Need Some Help, Motor ID

I'll be the first to admit, I don't know much about these "over the front wheel" motor setups! I recently made a deal to buy a barn full of stuff. Picking up a bunch of goodies, and this is in the load. Looks early 60s to me, any info would be apprieciated. Maker, size, Hp, and value. Motor has not been run in years, but is NOT froze up. Thanks, Chris.


----------



## bairdco (Nov 10, 2015)

I think they're a whopping 1 horsepower.  Pretty sure they're the same as the Tanaka bikebug. They had a few different variations over the years.
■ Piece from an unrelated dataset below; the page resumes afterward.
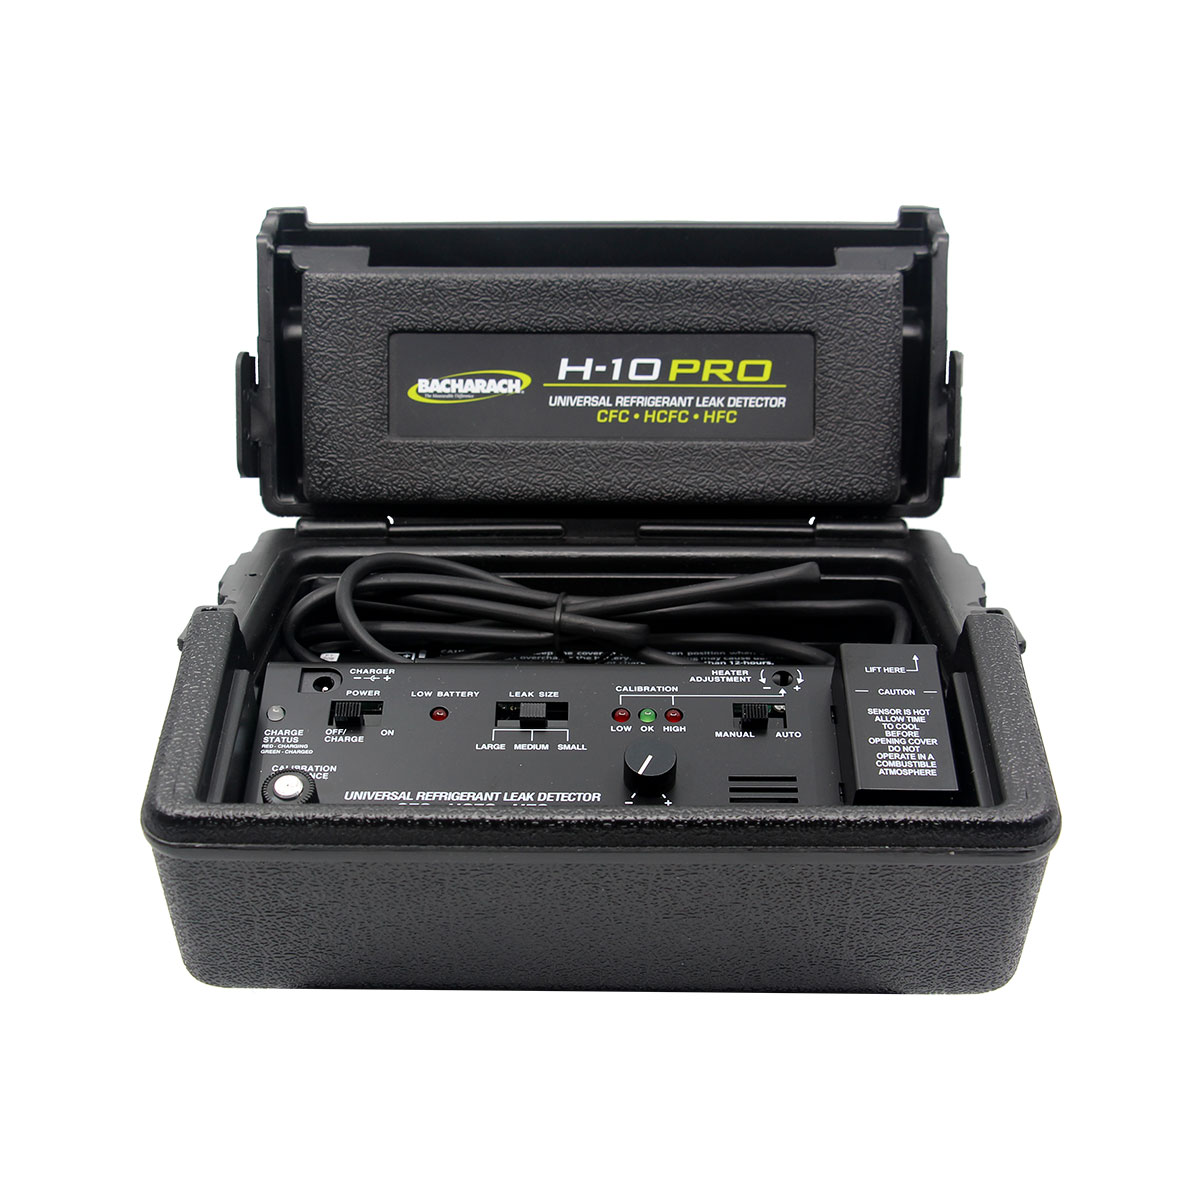 Detektor Kebocoran Refrigeran H-10 Pro Untuk Perawatan A / C.“loading=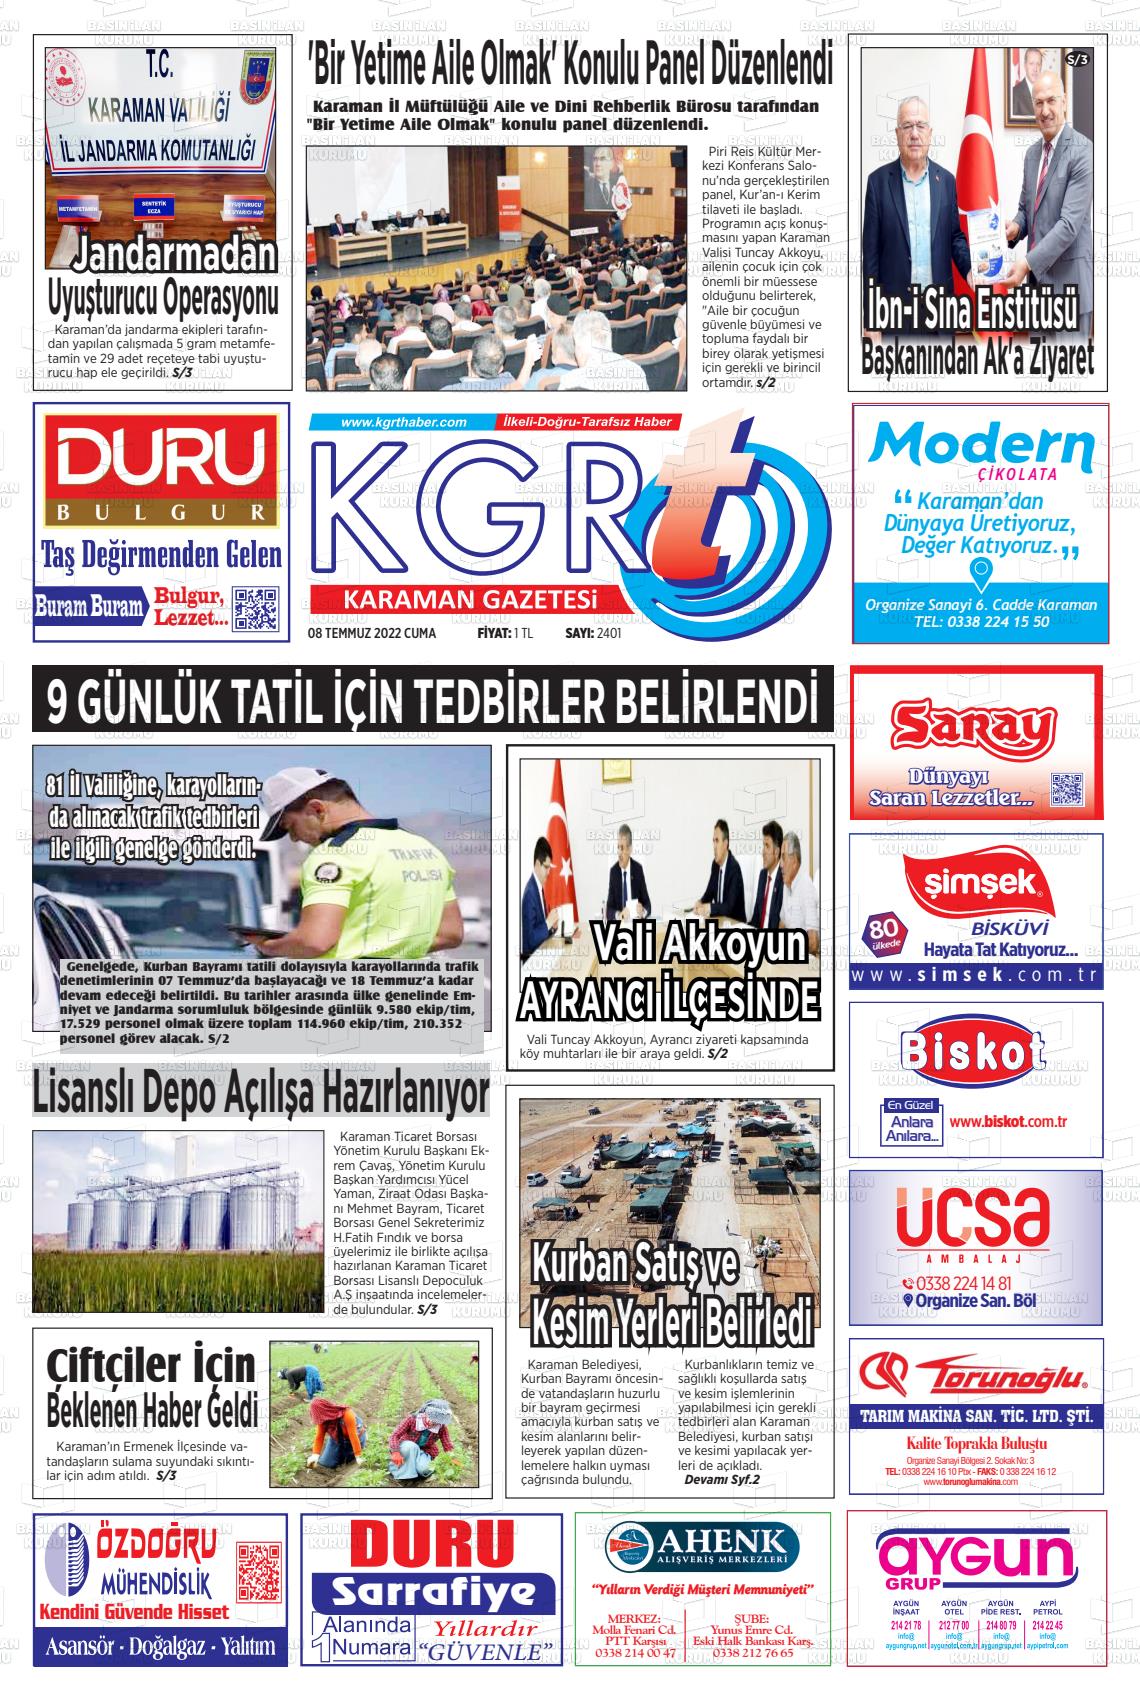 08 Temmuz 2022 Kgrt Karaman Gazete Manşeti

Some had a big ugly shroud that made it look like a vacuum cleaner over your fender.

Value-wise, I've seen them running go for 1-150.


----------



## oldfart36 (Nov 11, 2015)

bairdco said:


> I think they're a whopping 1 horsepower.  Pretty sure they're the same as the Tanaka bikebug. They had a few different variations over the years. Some had a big ugly shroud that made it look like a vacuum cleaner over your fender.
> 
> Value-wise, I've seen them running go for 1-150.





Thanks, Ya, in this load, there is one of those, "looks like it's in a suitcase" motors as well. They are pretty ugly!


----------



## Ross (Nov 13, 2015)

If it sparks a $20. Gas bike carb will make it run great. With new carb you can switch to gravity feed gas tank rather than trying to repair pump and orig. carb. They are pretty cool to ride !


Sent from my iPhone using Tapatalk


----------